Sapienza è infatti anche co-fondatore della Fallen American Veterans Foundation, un’organizzazione votata proprio al recupero dei resti dei militari americani dispersi in battaglia dalla Seconda Guerra Mondiale, che ha delle missioni attive proprio in Groenlandia e progetta di effettuarne una addirittura in Antartide.

Alla ricerca di Glacier Girl

Nel 1992 la Greenland Expedition Society, nata per finanziare e organizzare la ricerca e il recupero dei velivoli, scelse Luciano come fotografo ufficiale per le ultime tre missioni di recupero del Glacier Girl, sepolto a 82 metri di profondità sotto la calotta glaciale della Groenlandia. Ma il suo ruolo andò ben oltre la fotografia, partecipando a una serie di missioni rischiose e ai limiti dell’adattamento umano. L’impresa fu un successo e Glacier Girl fu estratto dal ghiaccio e restaurato completamente al punto da permettergli di volare di nuovo.

Uno dei due travi di coda del P-38 Lightning Glacier Girl, inclusa la sezione del radiatore, viene trasportato via dal sito di scavo sulla calotta glaciale della Groenlandia, il 5 luglio 1992, in preparazione per la spedizione negli Stati Uniti al termine delle operazioni di recupero. Da sinistra a destra: Bart Wilder, Tom Estes e Sam Knaub aiutano a spostare la struttura dell’aereo recuperata, mentre WeeGee Smith manovra la pala meccanica utilizzata per spostare il componente sul ghiaccio.
Foto © 1992–2026 Luciano Sapienza

Poche settimane fa, la fotografia “Glacier Girl” di Lou Sapienza è stata premiata con il Grand Prize all’Epics of Exploration Photo Contest dell’Explorers Club di New York. Lo scatto immortala il velivolo, come fosse la vittima di una scena del crimine, all’interno della grotta di ghiaccio in cui era intrappolato. Un’immagine di grandissimo impatto riscoperta a quasi trentacinque anni da quando è stata scattata.
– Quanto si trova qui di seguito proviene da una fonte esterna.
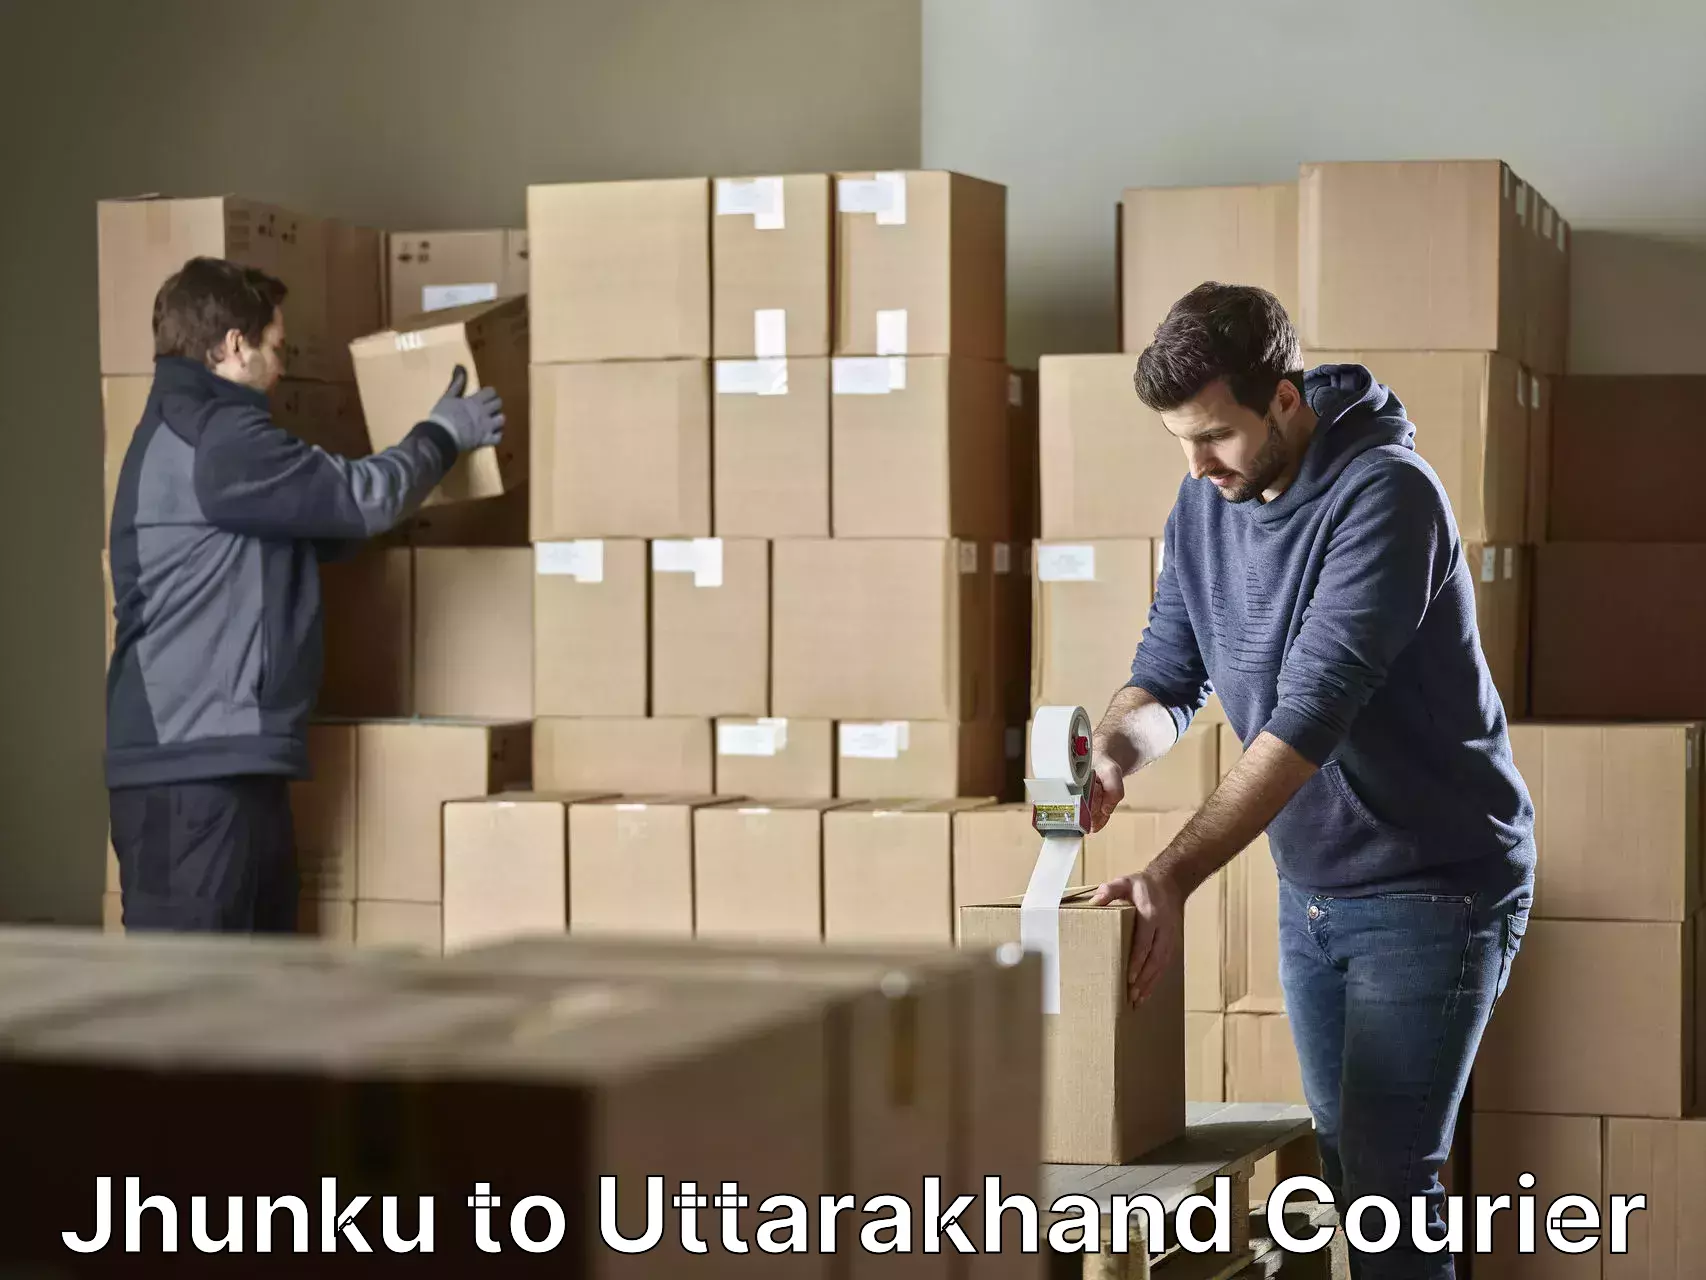 Household moving experts Jhunku to Uttarakhand

Come ha dichiarato Sapienza ritirando il premio, “sono fortunato a essere stato scelto dalla Greenland Expedition Society per documentare le loro spedizioni del 1989, 1990 e 1992. Questa fotografia riflette quasi un decennio di straordinaria pazienza, perseveranza, rischio e innovazione da parte di molte persone che hanno lavorato in uno degli ambienti più inospitali della Terra. All’epoca, nessuno era mai riuscito a localizzare e recuperare un aereo da tali profondità all’interno della calotta glaciale e, ancora oggi, pochi sforzi si sono avvicinati alla portata di ciò che quel team ha realizzato.”

Abbiamo parlato con lui di questa epopea e della sua incredibile carriera di fotografo d’avventura.
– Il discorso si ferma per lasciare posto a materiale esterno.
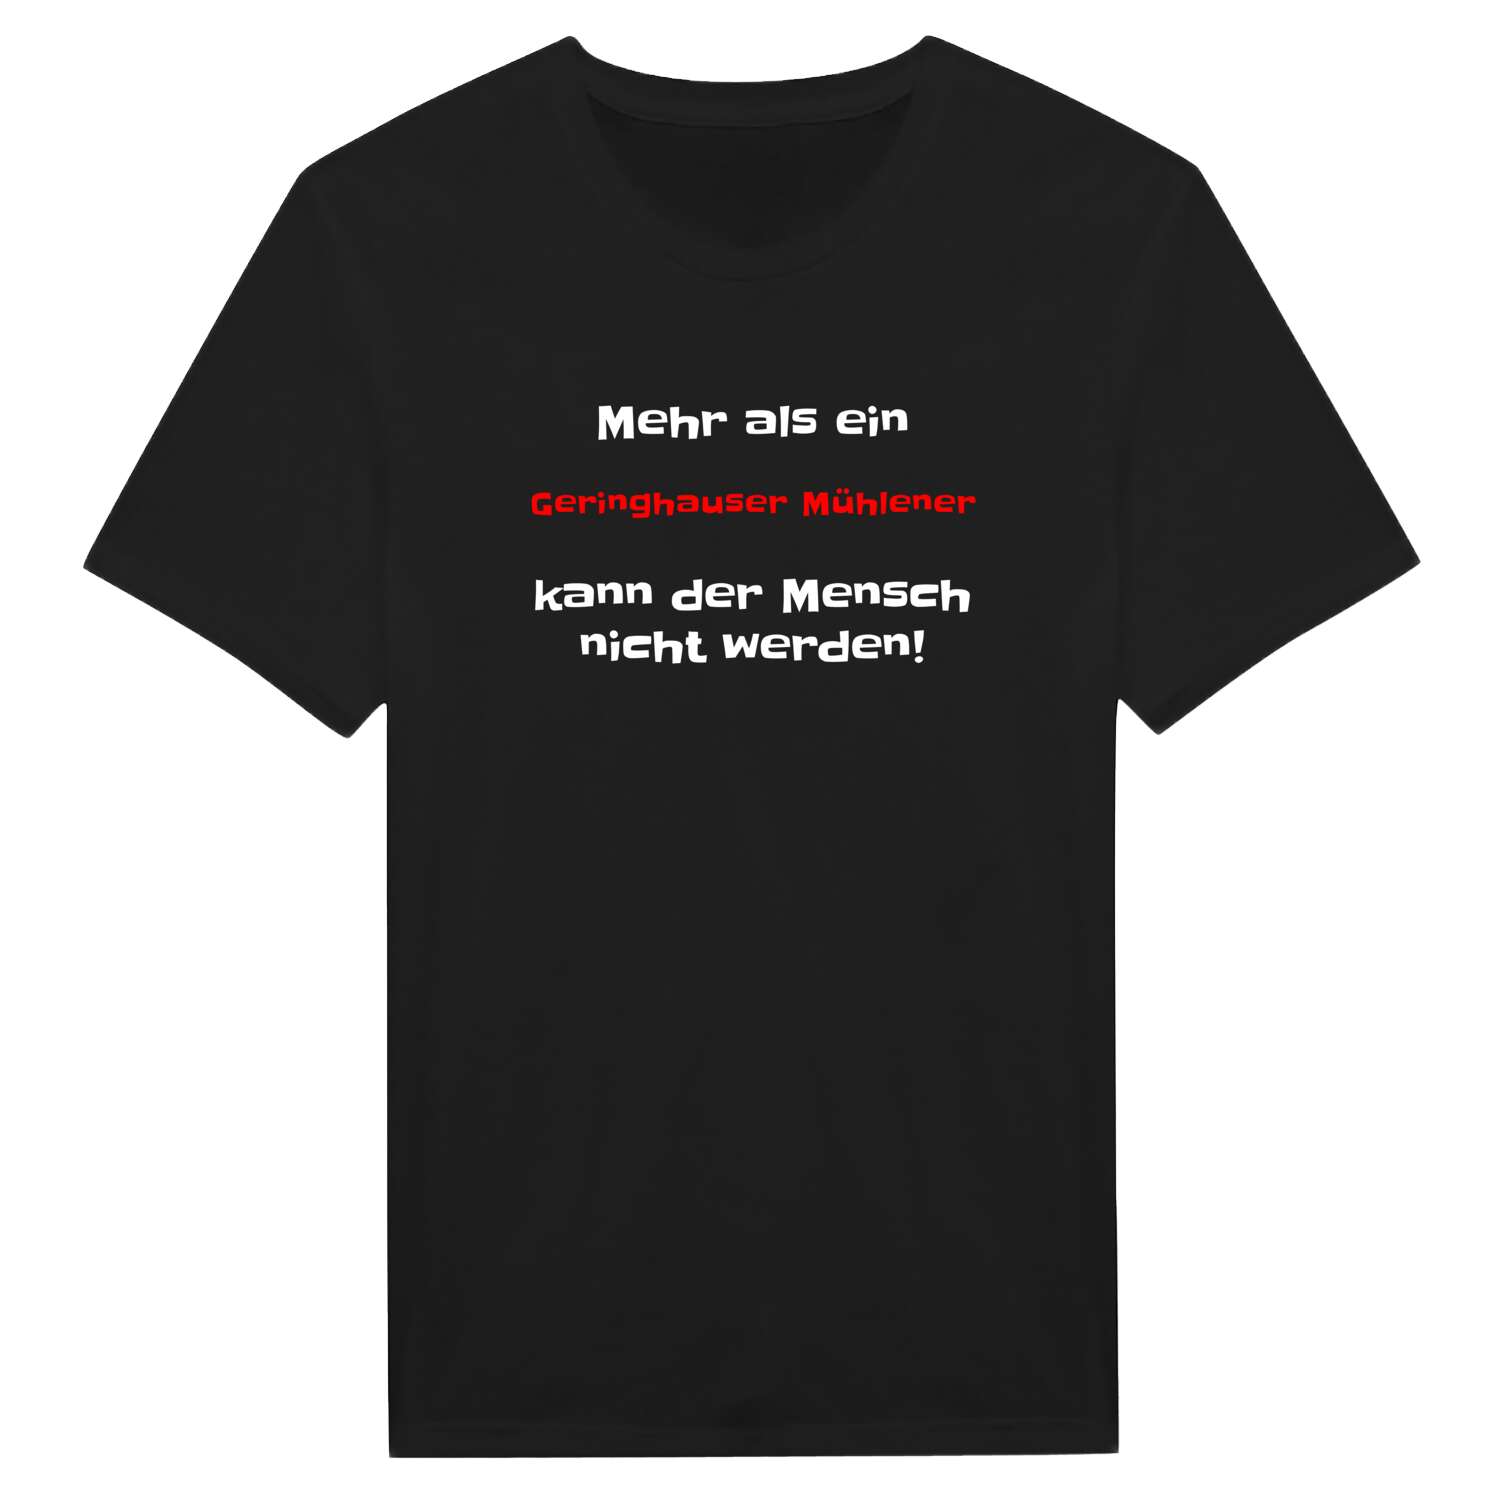 Geringhauser Mühle T-Shirt »Mehr als ein«

Luciano, come nasce la sua partecipazione a questa impresa? 

“È successo tutto in modo quasi accidentale. Nel 1989 ero nel mio studio e alla TV passarono un servizio della CNN che annunciava la partenza di un gruppo di esploratori americani per recuperare la “Lost Squadron”. In quel momento ho capito che dovevo essere lì. E che poteva rivelarsi l’occasione di una vita.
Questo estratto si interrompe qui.